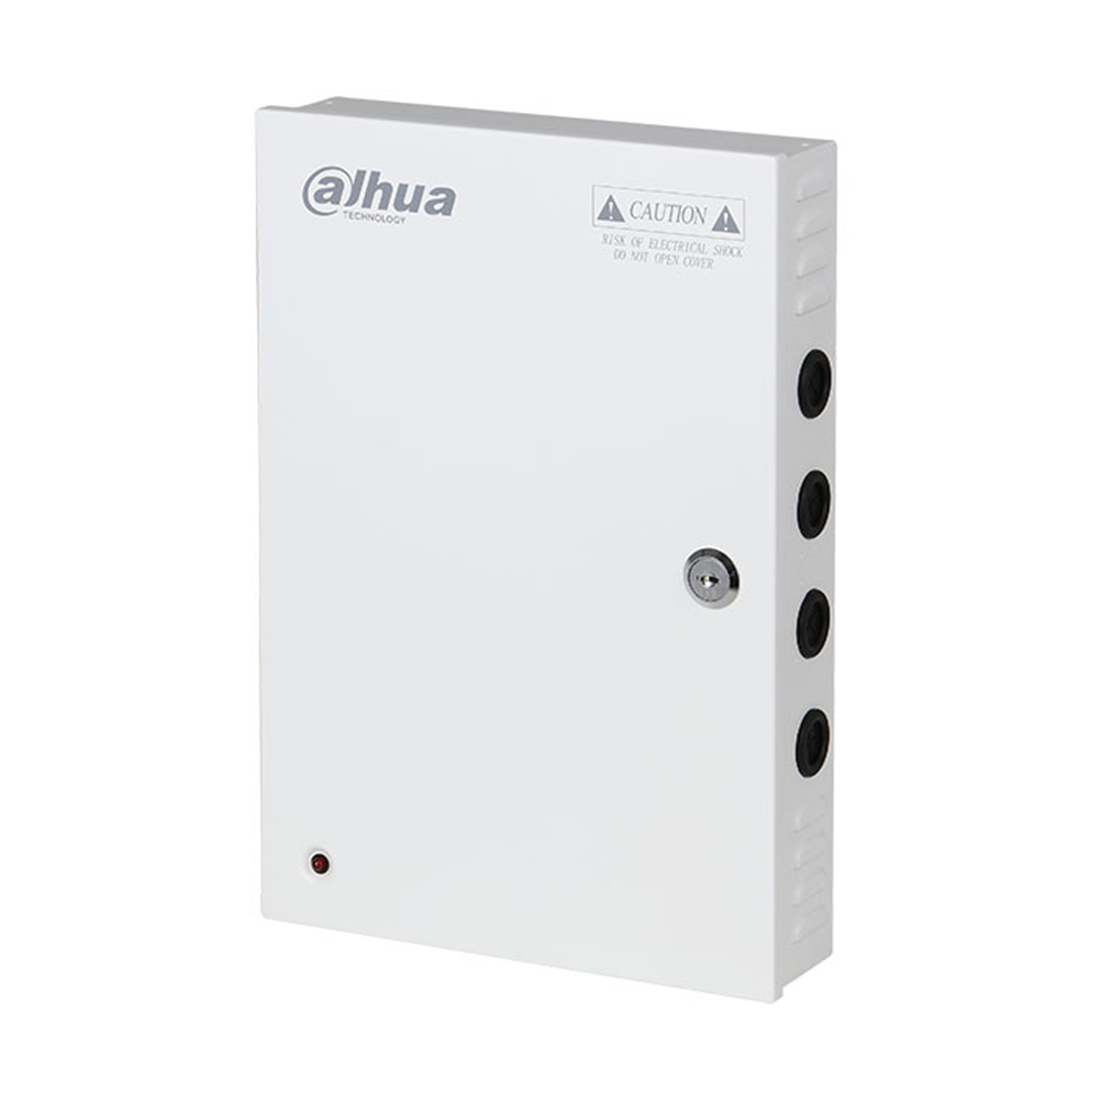 Блок питания для видеонаблюдения Dahua DH-PFM342-9CH (12 В)
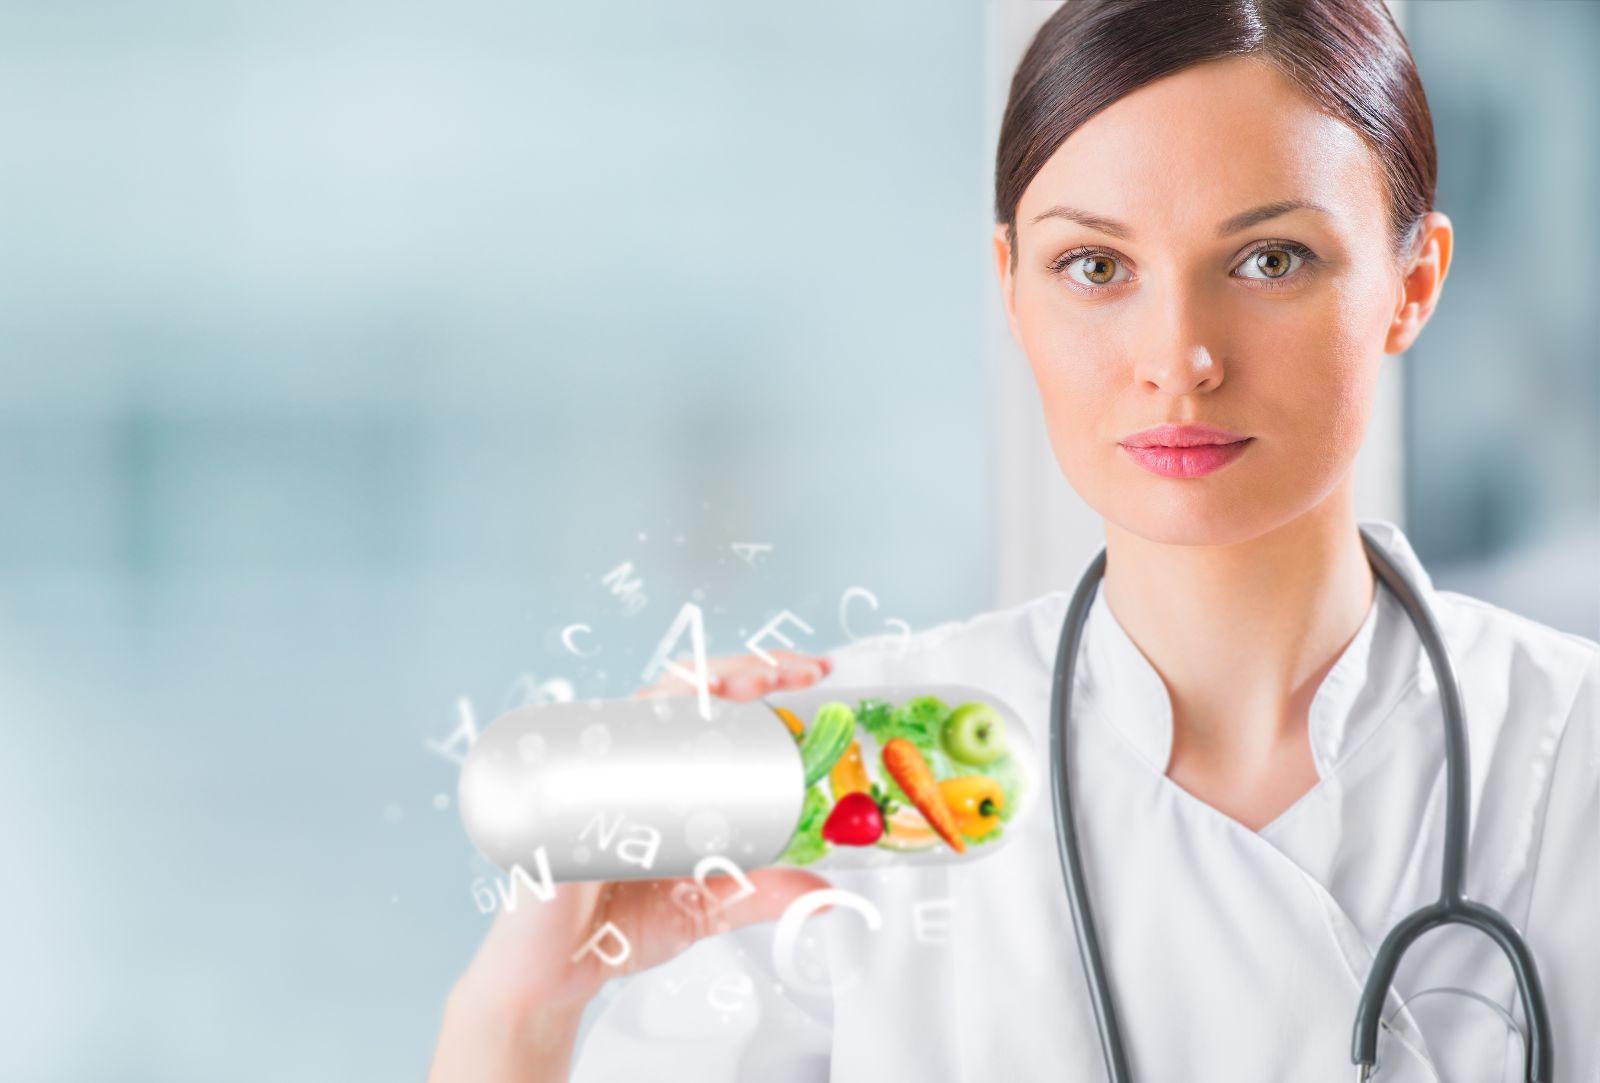 Doctora sosteniendo pildora con imágenes de vida saludable
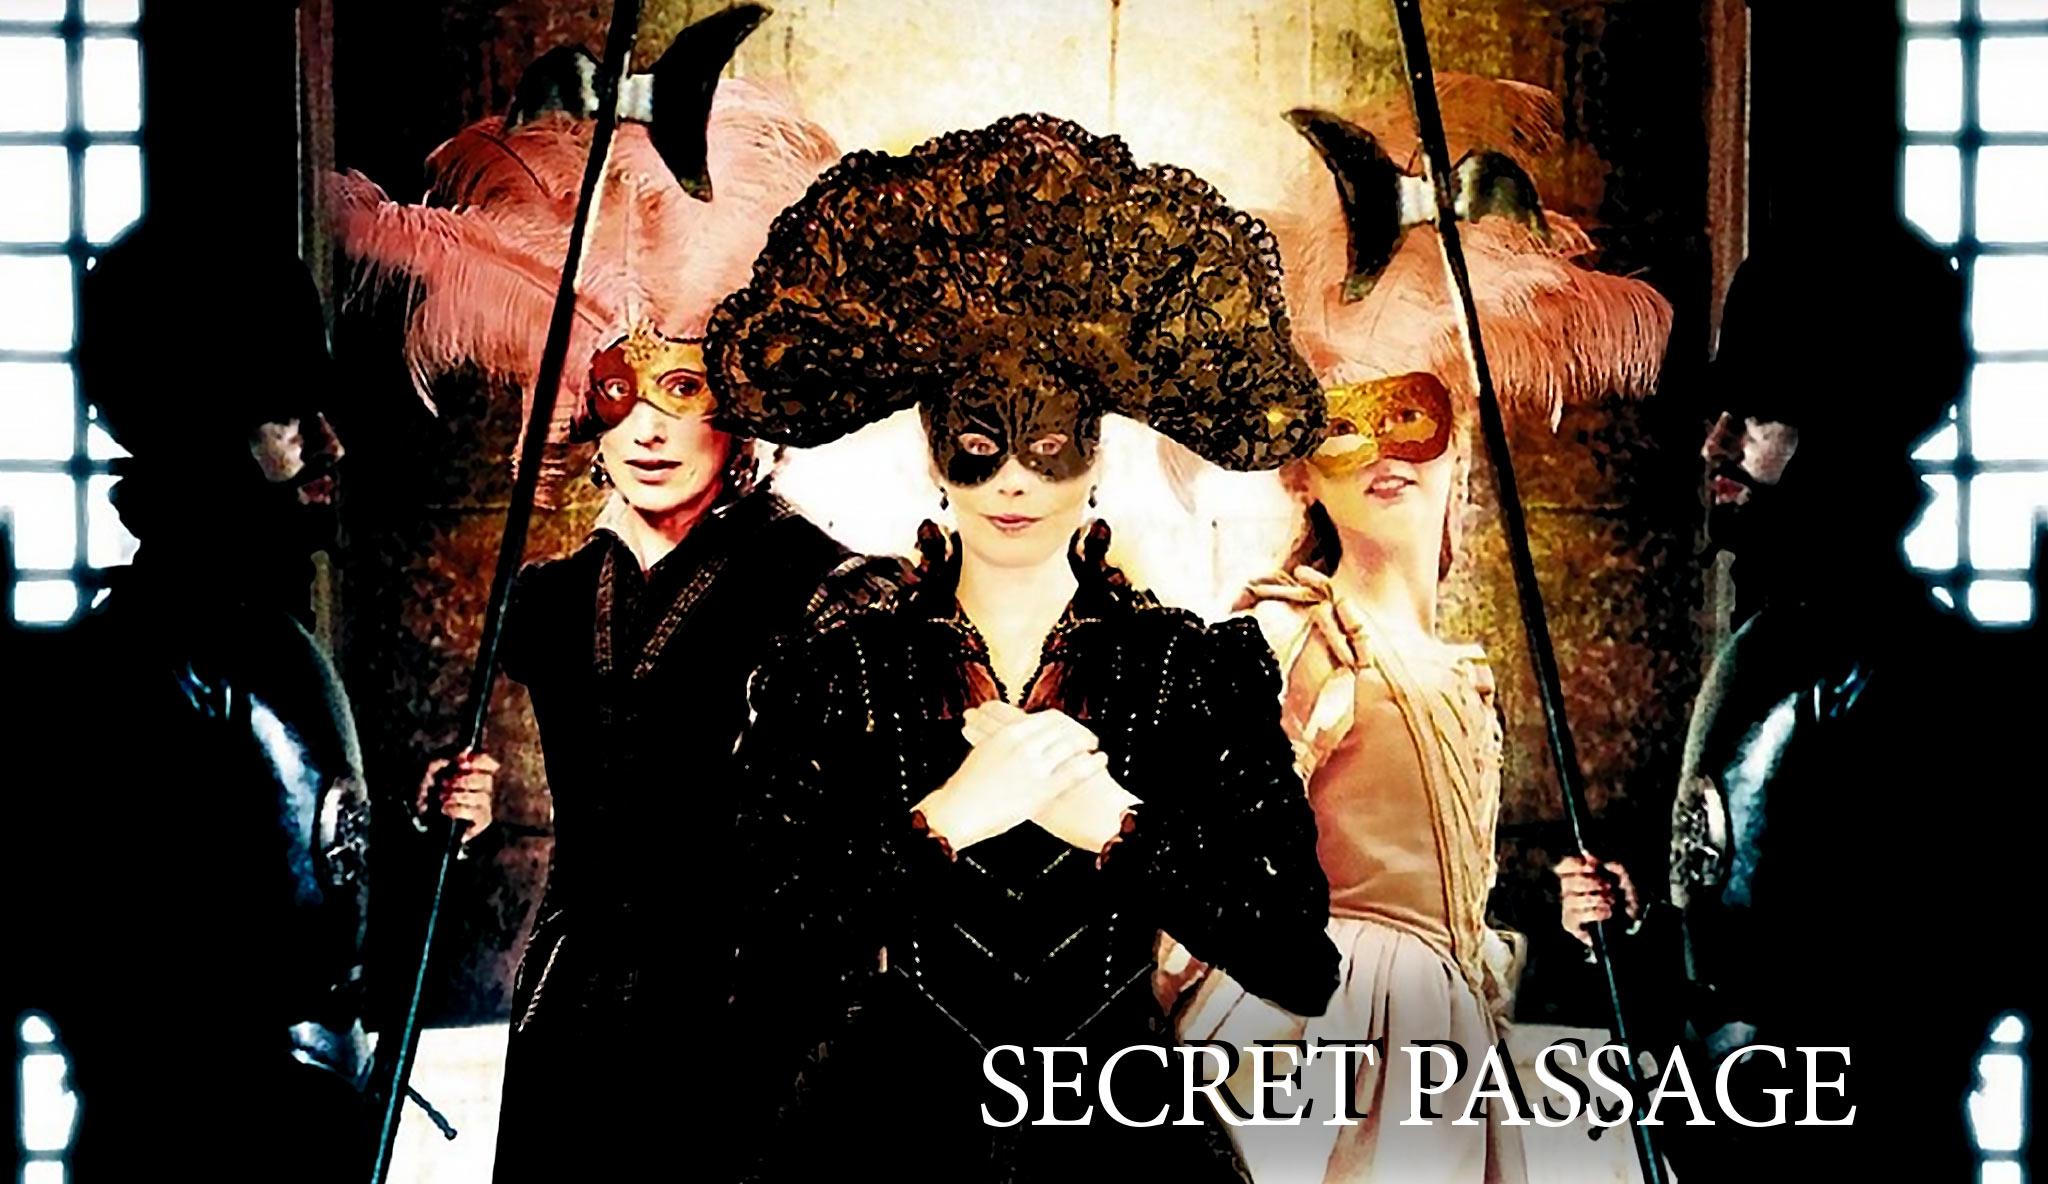 secret-passage-verrat-in-venedig\header.jpg
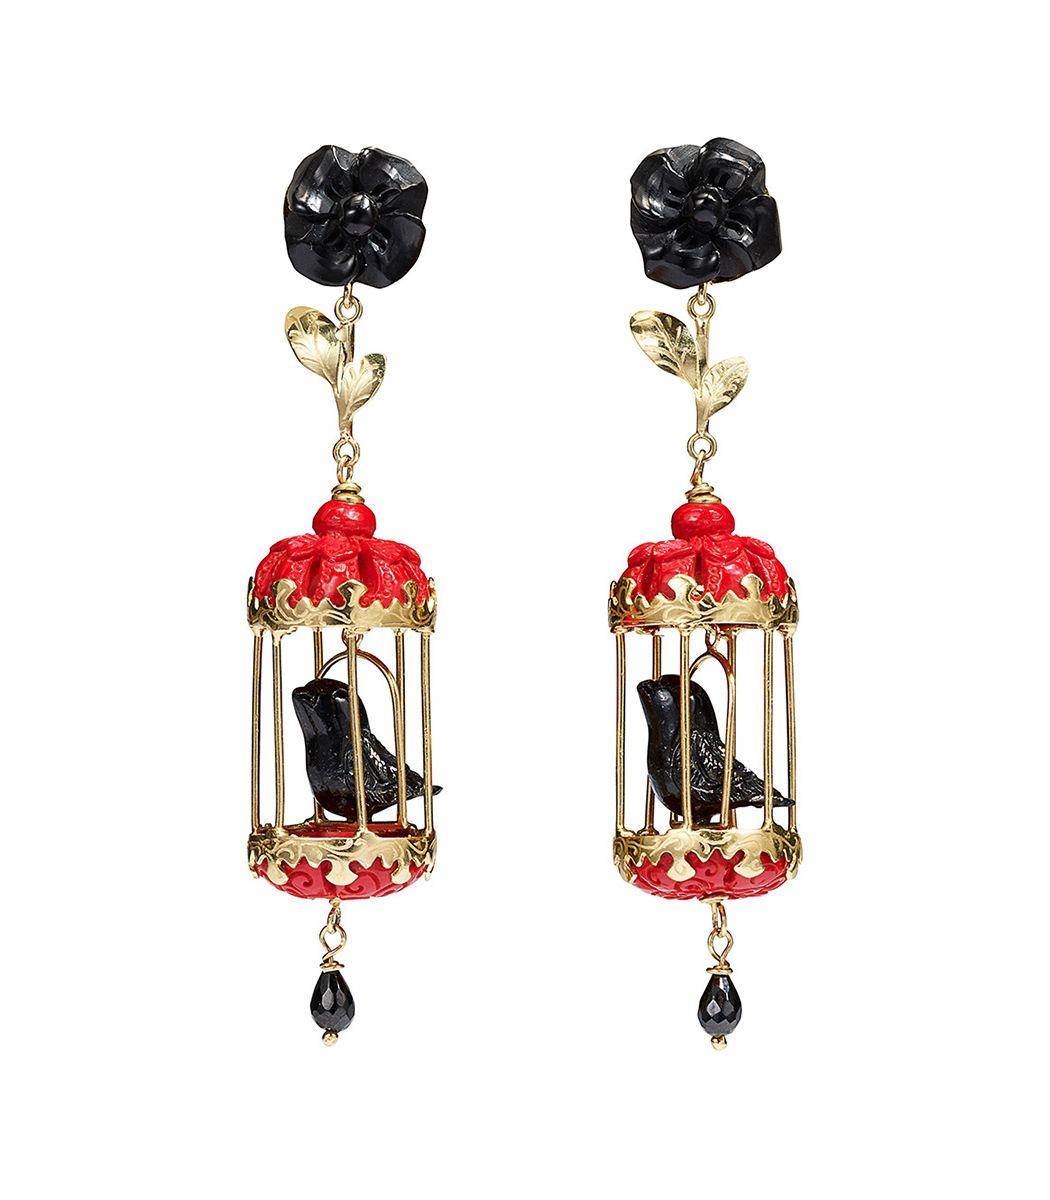 ShopBazaar Of Rare Origin Black Ruby Aviary Classic Earrings
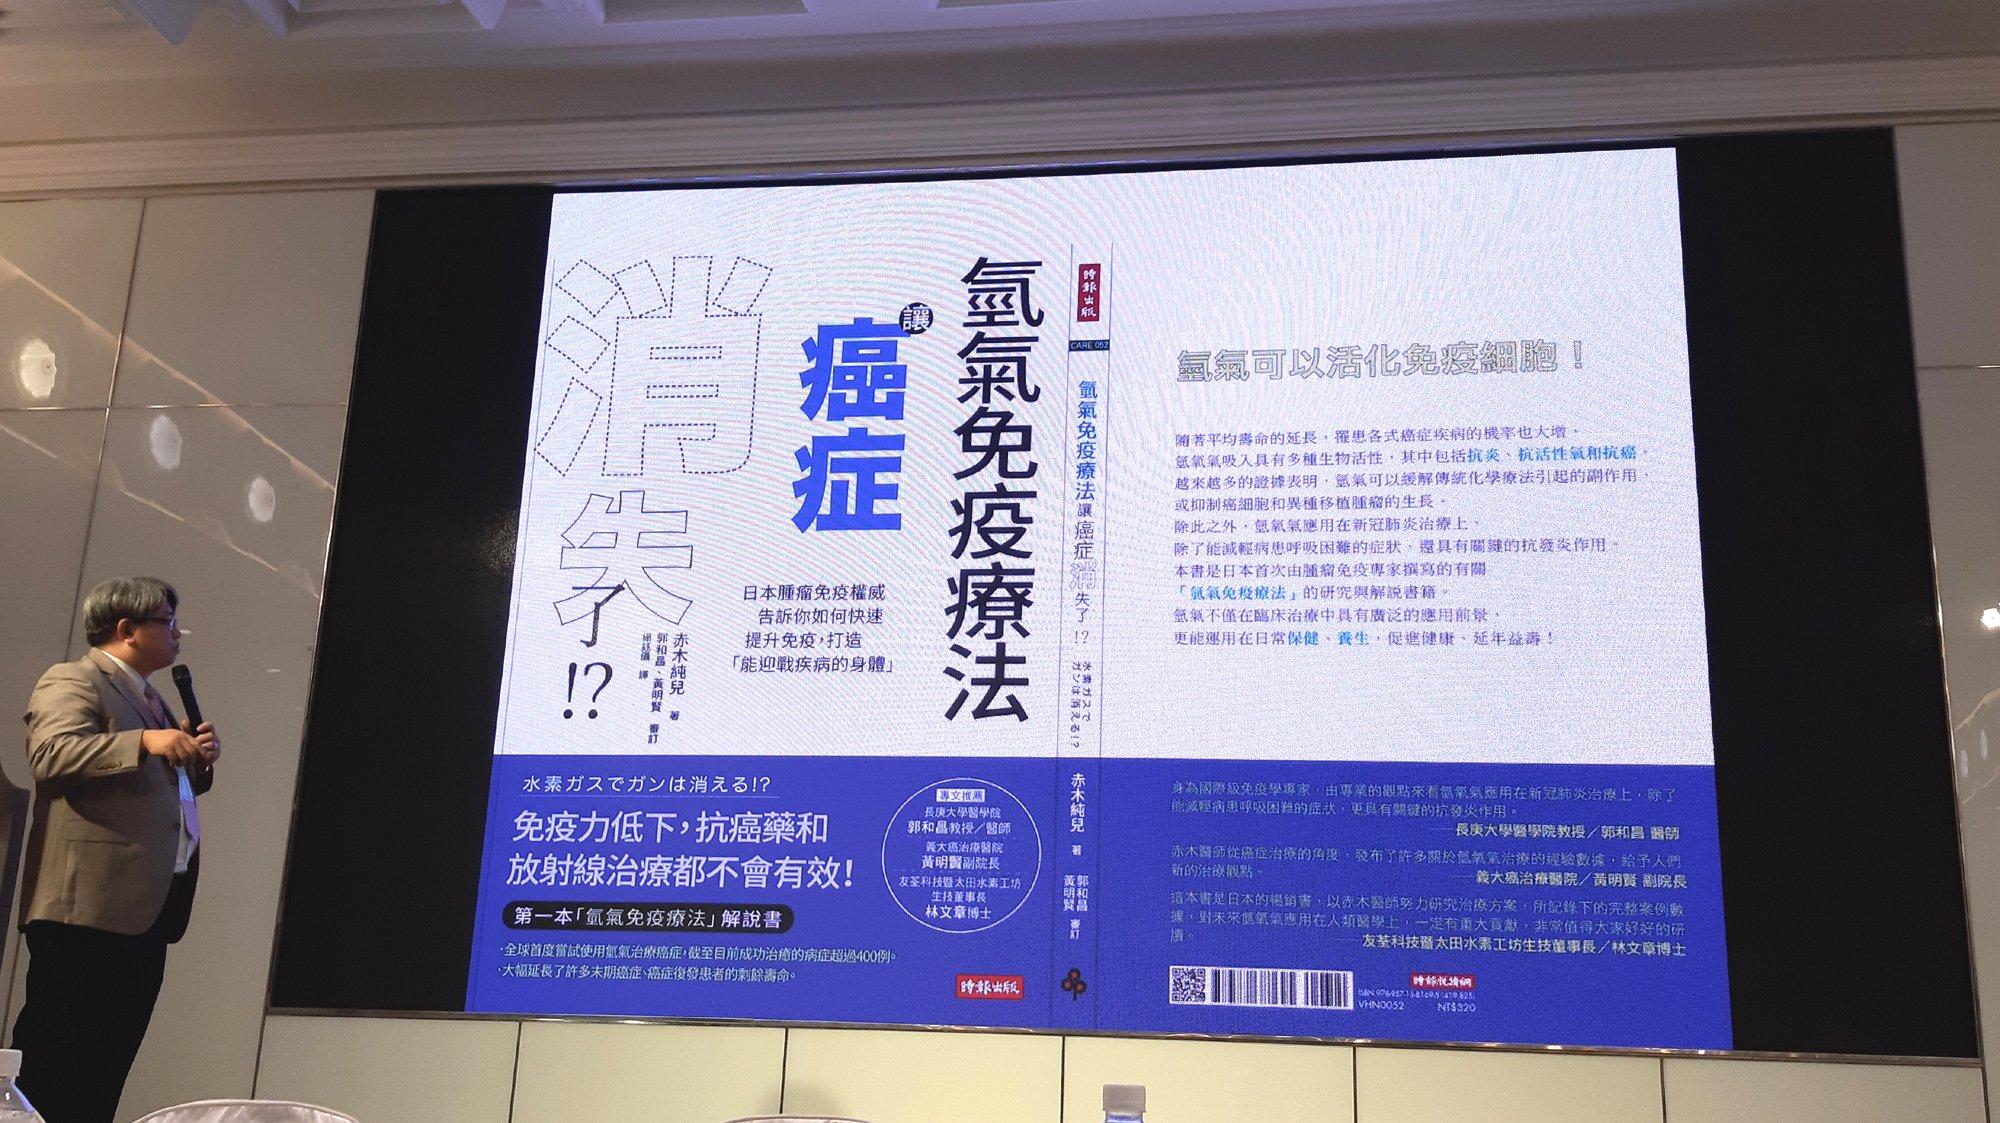 臺灣氫分子醫療促進協會-16 郭和昌教授 解說 氫氣免疫療法讓癌症消失了 新書發表

WHAT THE TASK REQUIRES
Give every entry again word for word; no images belong in the copy.

ANSWER BELOW
 Блок питания для видеонаблюдения Dahua DH-PFM342-9CH (12 В)
 Doctora sosteniendo pildora con imágenes de vida saludable
 secret-passage-verrat-in-venedig\header.jpg
 ShopBazaar Of Rare Origin Black Ruby Aviary Classic Earrings
 臺灣氫分子醫療促進協會-16 郭和昌教授 解說 氫氣免疫療法讓癌症消失了 新書發表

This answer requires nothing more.